Pseudoserica pilosa

Scientific classification
- Kingdom: Animalia
- Phylum: Arthropoda
- Clade: Pancrustacea
- Class: Insecta
- Order: Coleoptera
- Suborder: Polyphaga
- Infraorder: Scarabaeiformia
- Family: Scarabaeidae
- Genus: Pseudoserica
- Species: P. pilosa
- Binomial name: Pseudoserica pilosa (Moser, 1918)
- Synonyms: Harpodactyla pilosa Moser, 1918;

= Pseudoserica pilosa =

- Genus: Pseudoserica
- Species: pilosa
- Authority: (Moser, 1918)
- Synonyms: Harpodactyla pilosa Moser, 1918

Species of beetle

Pseudoserica pilosa is a species of beetle of the family Scarabaeidae. It is found in Brazil (Rio de Janeiro).

==Description==
Adults reach a length of about 7 mm.
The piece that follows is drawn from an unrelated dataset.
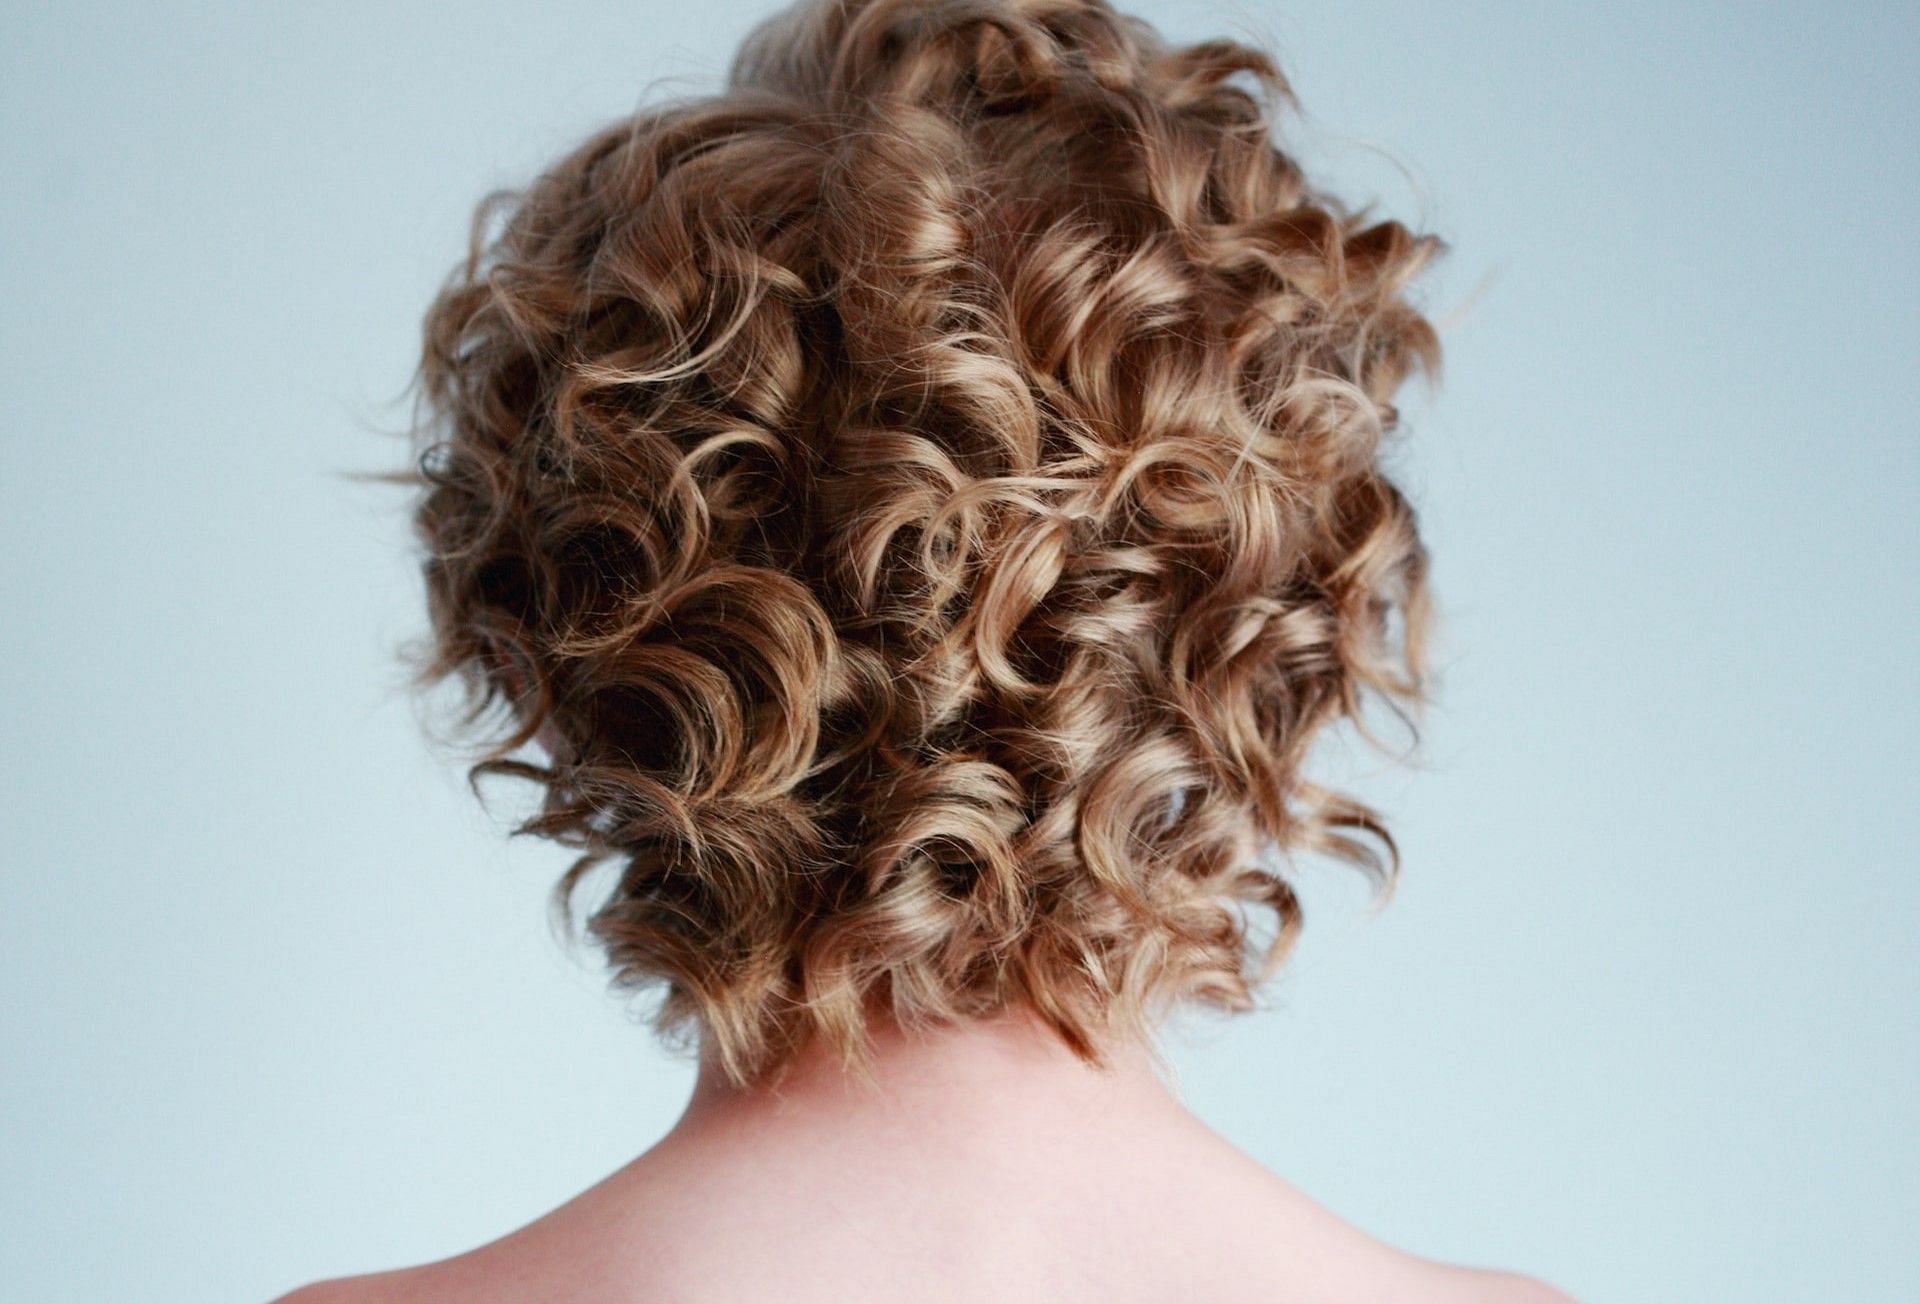 Curly hiar (photo by Alexander Gray for Unsplash)

They are yellowish-brown and shiny, with grey hairs. The head is punctate, with the punctures covered with erect hairs. The antennae are yellowish-brown. The pronotum is extensively covered with fairly strong punctures, some with backward-pointing hairs and with some erect hairs. The elytra are punctate and not densely covered with hairs, but with a few erect hairs.